Innanzitutto vorrei spiegare come funziona questa tecnica. A parole non è molto semplice, ma cercherò di fare del mio meglio.
Prendiamo due mixin tin’ che chiameremo A e B, del ghiaccio, uno strainer (julep oppure hawthorne senza agganci) e il drink che vogliamo miscelare. Nel mixin tin’ A versiamo gli ingredienti del drink, il ghiaccio e blocchiamo il tutto con lo strainer. È importante che lo strainer non abbia agganci perché deve potersi inserire all’interno del tin. A questo punto, tenendo i due tin vicini e all’altezza della spalla destra, iniziamo a versare il drink dal tin A al tin B. Per i destrimani è conveniente tenere il tin con ghiaccio nella mano destra.
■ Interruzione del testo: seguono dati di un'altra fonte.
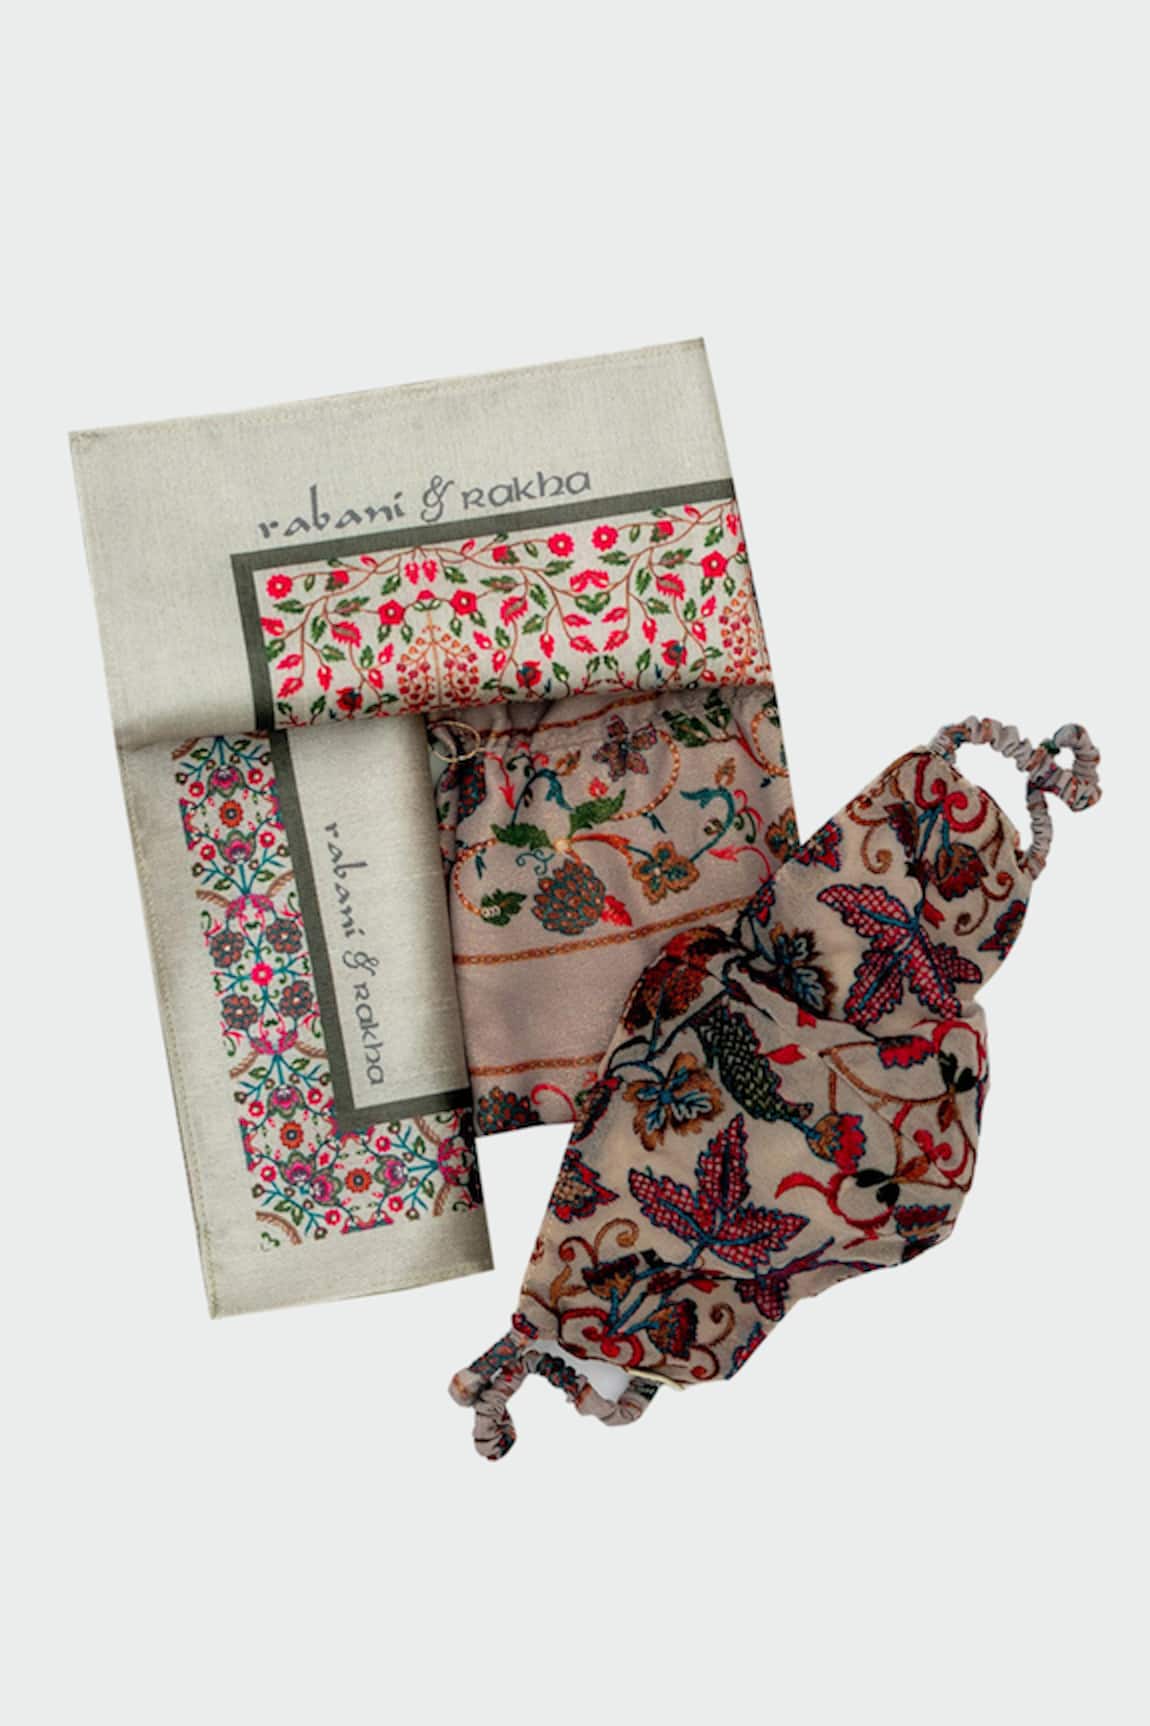 Rabani & Rakha Face Mask & Pocket Square Gift Box

Mano a mano che versiamo il drink, il tin B deve essere abbassato, creando un effetto ‘cascata’. Quando il drink sarà completamente all’interno del tin B, questo deve essere versato di nuovo nel tin A per poter ricominciare l’operazione dall’inizio. Il numero di passaggi da effettuare è a discrezione del bartender e del drink che si sta lavorando, tuttavia più di 5 passaggi non sono quasi mai necessari.
Perché questa tecnica é tornata di moda?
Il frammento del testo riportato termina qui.